Ennis crushed his cigarette out in the ashtray. "Give me a minute, bud," he said. "I'm gonna check on the girls, see if they're ready for bed."
Ennis went into the house while Jack sat on the porch, sipping his whiskey and lighting another cigarette. He had no sense of time passing but obviously, some minutes had passed because before he knew it, Ennis was back on the porch, standing tall and leaning over him. Ennis braced himself on the arms of the chair and looked down at Jack, his face, as it had been for the past two months, flushed with happiness. "I love you, cowboy," he said, leaning in for a deep and loving kiss. Jack kissed him back with equal fervor.
Out of the corner of his eye, Ennis sensed a shadow at the screen door. He pulled back and stood up, and saw Jenny standing there, the light from the living room reflecting behind her. "Honey," said Ennis, "I thought you were in bed."
She tentatively pushed the screen door open. "I forgot my coloring book," she said, "and crayons," as she pointed to the corner of the porch floor.
Ennis could hear Jack whispering under his breath. "Uh oh, cowboy, awkward moment."
"Shut up, Jack," whispered Ennis, but he said it with a smile. He went over the screen door, "C'mon sweetheart, let's get your book."
Jenny scampered to pick up her coloring book and crayons, holding them close to her chest. She started to walk back to the door but then turned and looked at Ennis. "Daddy," she said, "why were you kissing Uncle Jack?"
He paused. "Because we're friends, sweetheart," he said.
"I'm friends with Amber and I don't kiss her," replied Jenny, with the matter-of-factness of youth.
Ennis looked at her for a second, then smiled. "C'mere, honey," he said, turning to his empty chair, sitting down, and then pulling her onto his lap. "Let's talk." Jenny turned and looked at Ennis expectantly. "Uncle Jack and I are friends," he said, "very special friends…very close friends. Uncle Jack is the reason I left Riverton and moved to Texas."
Jenny nodded. "I know that, Daddy."
Ennis bit his lip. "We wanted t'be together."

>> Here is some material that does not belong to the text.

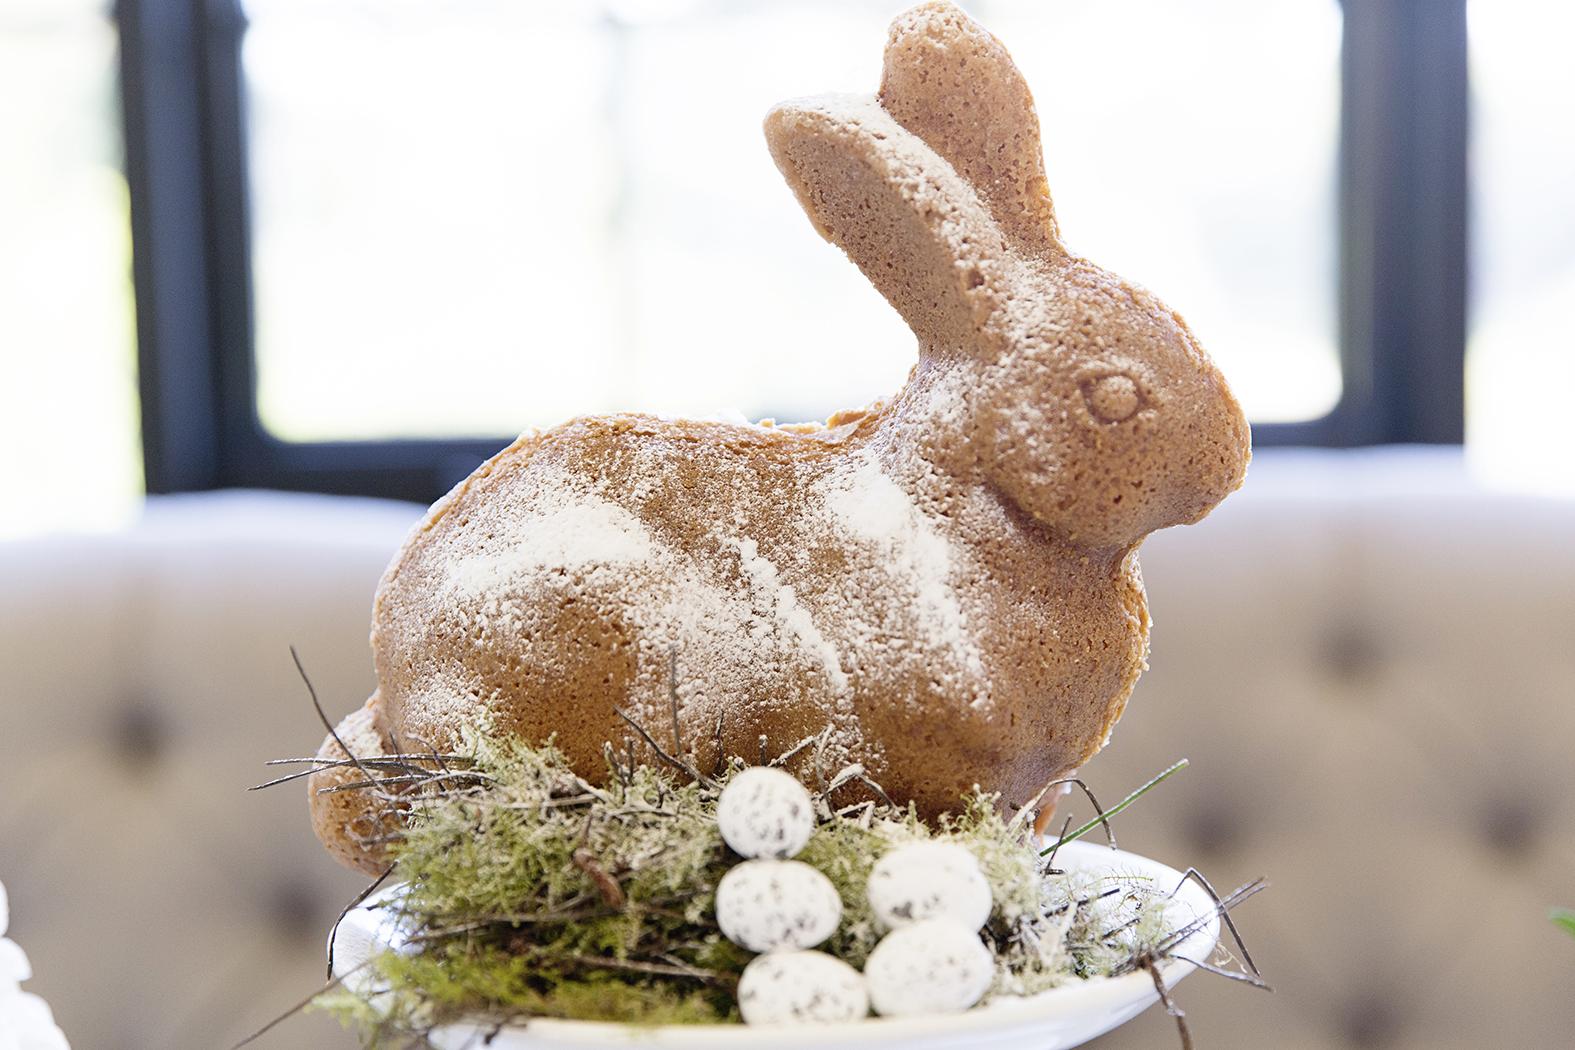 Rabbit Table 020 copy.jpg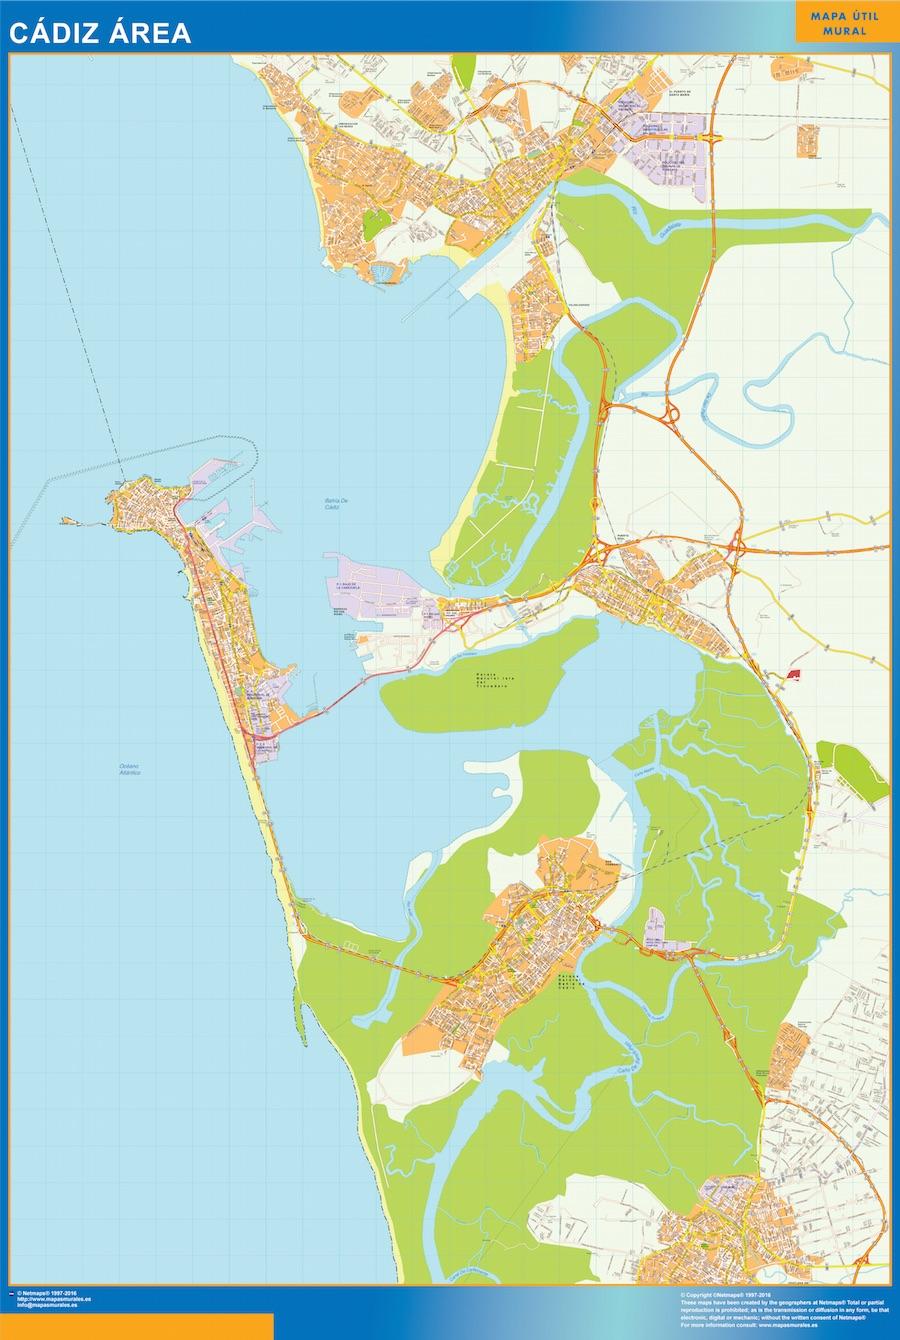 Mapa carreteras Cadiz Area plastificado gigante

Jenny looked at him. "Are you in love with Uncle Jack, Daddy? Is that what you're tryin' t'say?"
Ennis nodded. "Yes, sweetheart, that's exactly what I'm tryin' to say."
Jenny nodded as if this was the most natural thing in the world, having absolutely no issue with the fact that her father was in love with another man. "Tell me somethin', Daddy," she said. "Do women fall in love with each other?"
Ennis nodded, "They can, yes. Mostly it's men and women, but sometimes women love women, and men love men. It happens."
"I still don't get the kissin'," she said.
"Sweetheart, you've hugged and kissed me plenty o'times. It's just a way t'show someone you care about them."
Jenny looked at him. "I never saw you kissin' mama," she said.
Ennis gave her a sad smile. "I didn't much, at the end," he said. "That's part of the reason we got divorced. We weren't happy together anymore."
Jenny thought about this for a second. "I don't see mama kissin' Monroe, either."
Ennis smiled. "I'm sure she does, honey, but part of it is that kissin' can be kinda private. It's not somethin' that people do right in front of other folks." He paused. "I thought you were in bed. I thought I was havin' a private moment with Uncle Jack."
Jenny looked carefully at Ennis. "Are you mad at me, Daddy?"
"Mad?" he said. "Of course not, sweetheart. Why would I be mad?"
"For interruptin' you?"
Ennis laughed. "Oh, honey, I don't mind." She leaned in and put her head against her father's chest, while he rubbed her back. "It's probably good that you saw us," he said. "Now you understand about us."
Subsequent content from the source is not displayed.